Hi Nix community, I would like to show you something that I’ve been working on this holiday:
Attic is a self-hostable Nix Binary Cache server backed by an S3-compatible storage provider. It has support for global deduplication and garbage collection. It’s easy to set up and scale, from one user (you!) to hundreds.
⚙️ Pushing 5 paths to "demo" on "local" (566 already cached, 2001 in upstream)...
✅ gnvi1x7r8kl3clzx0d266wi82fgyzidv-steam-run-fhs (29.69 MiB/s)
✅ rw7bx7ak2p02ljm3z4hhpkjlr8rzg6xz-steam-fhs (30.56 MiB/s)
✅ y92f9y7qhkpcvrqhzvf6k40j6iaxddq8-0p36ammvgyr55q9w75845kw4fw1c65ln-source (19.96 MiB/s)
🕒 vscode-1.74.2 ███████████████████████████████████████ 345.66 MiB (41.32 MiB/s)
🕓 zoom-5.12.9.367 ███████████████████████████ 329.36 MiB (39.47 MiB/s)
But why?
Currently, the experience of having a private Nix binary cache is less than ideal:
- Plain
s3://
store: Any machine interacting with the private cache needs its own S3 Access Key, with machines needing to push also having the private signing key available. Furthermore, there is no simple way to clean up an S3 cache based on access recency. - Plain
ssh://
store: Pushing and pulling both require SSH access to the machine. For pushing, the private key requirement still exists and the user also needs to be trusted bynix-daemon
. As a single-machine setup, it does not scale. -
nix-serve, eris, harmonia: These tools are able to perform signing on-the-fly, but they are still serving from the local
/nix/store
. Pushing still requires SSH access as a trusted user, and the setup is still single-machine and single-tenant. - Cachix: Provides a much better user experience than the others, with a sleek CLI client that allows users to push with a token. Signing can be managed centrally and done on-the-fly. However, it’s a SaaS service and cannot be self-hosted without a custom “Contact Us” arrangement.
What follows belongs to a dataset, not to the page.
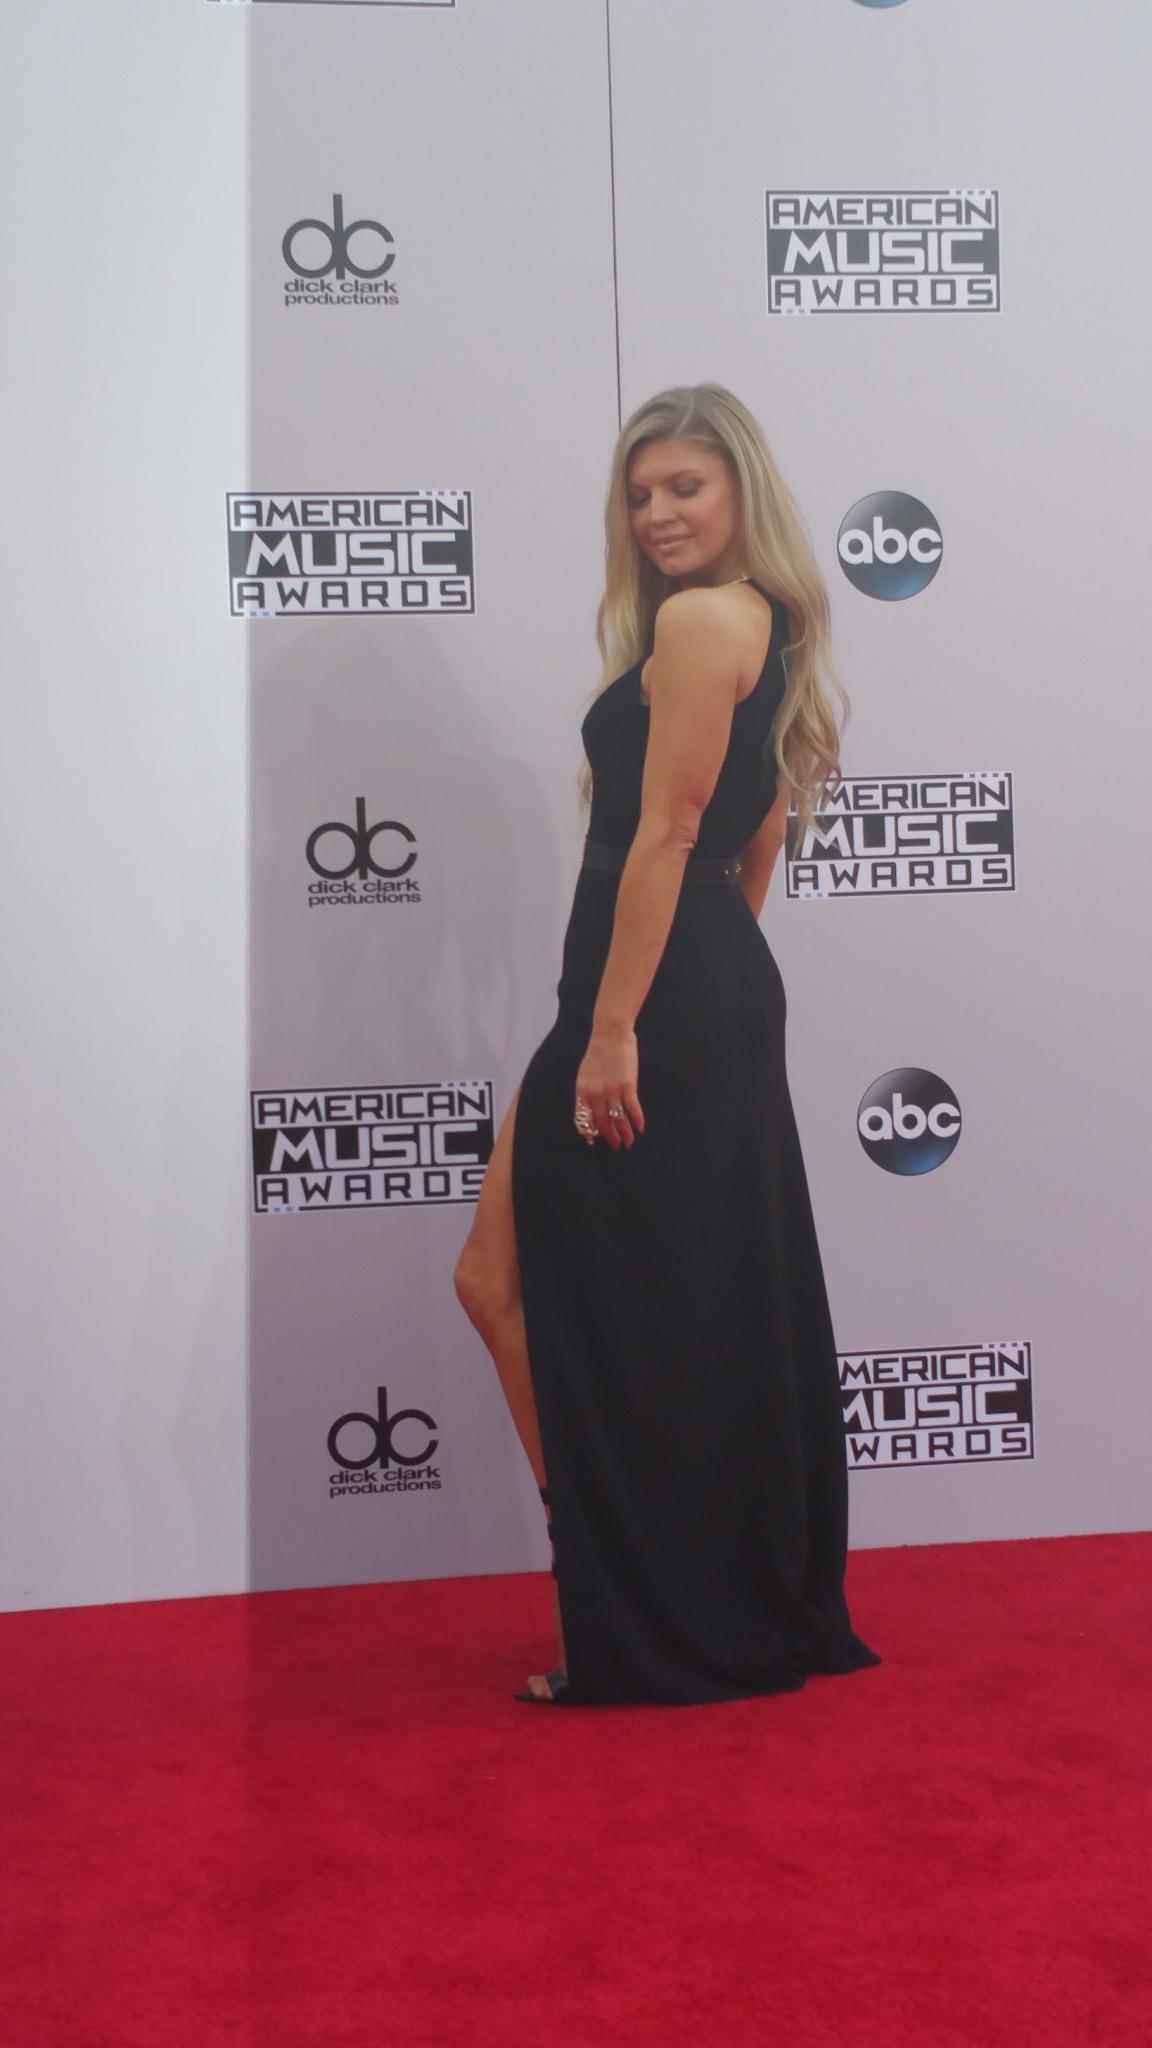 RT @TheAMAs: La-La-LOVE @Fergie's fab-fab-FABULOUS red carpet dress! Fergalicious indeed! #AMAs #LALOVE http://t.co/I1t1oSPP9O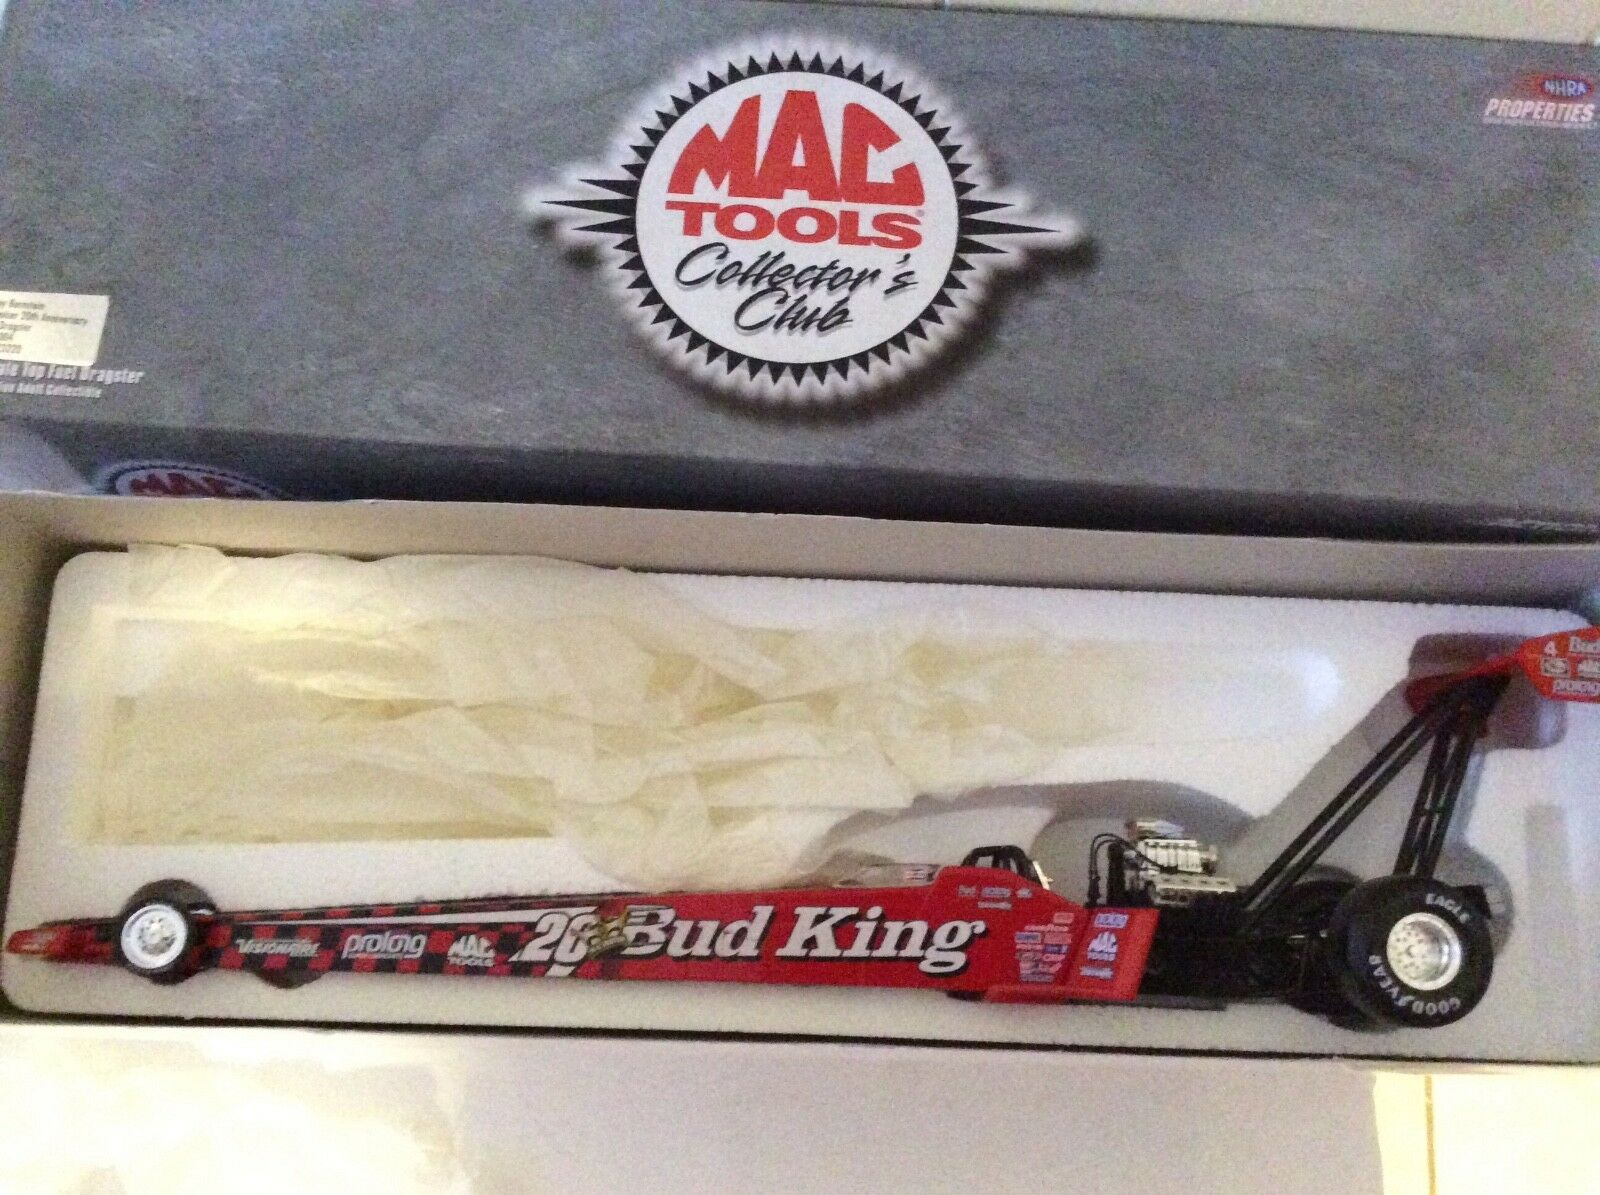 BUDWEISER KING TOP FUEL 1 24 action 1999 Mac tools NHRA dragster 20th anniversar

I’ll elaborate later in this post. Before I lose your attention, however, allow me to convince you with a demo that you can try
Try it out (15 minutes)
Let’s spin up Attic in just 15 minutes (yes, it works on macOS too!):
nix-shell https://github.com/zhaofengli/attic/tarball/main -A demo
Simply run atticd
to start the server in monolithic mode with a SQLite database and local storage:
$ atticd
Attic Server 0.1.0 (release)
-----------------
Welcome to Attic!
A simple setup using SQLite and local storage has been configured for you in:
/home/zhaofeng/.config/attic/server.toml
Run the following command to log into this server:
attic login local http://localhost:8080 eyJ...
Documentations and guides:
https://docs.attic.rs
Enjoy!
-----------------
Running migrations...
Starting API server...
Listening on [::]:8080...
Cache Creation
atticd
is the server, and attic
is the client. We can now log in and create a cache:
# Copy and paste from the atticd output
$ attic login local http://localhost:8080 eyJ...
✍️ Configuring server "local"
$ attic cache create hello
✨ Created cache "hello" on "local"
Pushing
Let’s push attic
itself to the cache:
$ attic push hello $(which attic)
⚙️ Pushing 1 paths to "hello" on "local" (0 already cached, 45 in upstream)...
✅ r5d7217c0rjd5iiz1g2nhvd15frck9x2-attic-0.1.0 (52.89 MiB/s)
The interesting thing is that attic
automatically skipped over store paths cached by cache.nixos.org
! This behavior can be configured on a per-cache basis.
Note that Attic performs content-addressed global deduplication, so when you upload the same store path to another cache, the underlying NAR is only stored once. Each cache is essentially a restricted view of the global cache.
Pulling
Now, let’s pull it back from the cache. For demonstration purposes, let’s use --store
to make Nix download to another directory because Attic already exists in /nix/store
:
# Automatically configures ~/.config/nix/nix.conf for you
$ attic use hello
Configuring Nix to use "hello" on "local":
+ Substituter: http://localhost:8080/hello
+ Trusted Public Key: hello:vlsd7ZHIXNnKXEQShVnd7erE8zcuSKrBWRpV6zTibnA=
+ Access Token
$ nix-store --store $PWD/nix-demo -r $(which attic)
[snip]
copying path '/nix/store/r5d7217c0rjd5iiz1g2nhvd15frck9x2-attic-0.1.0' from 'http://localhost:8080/hello'...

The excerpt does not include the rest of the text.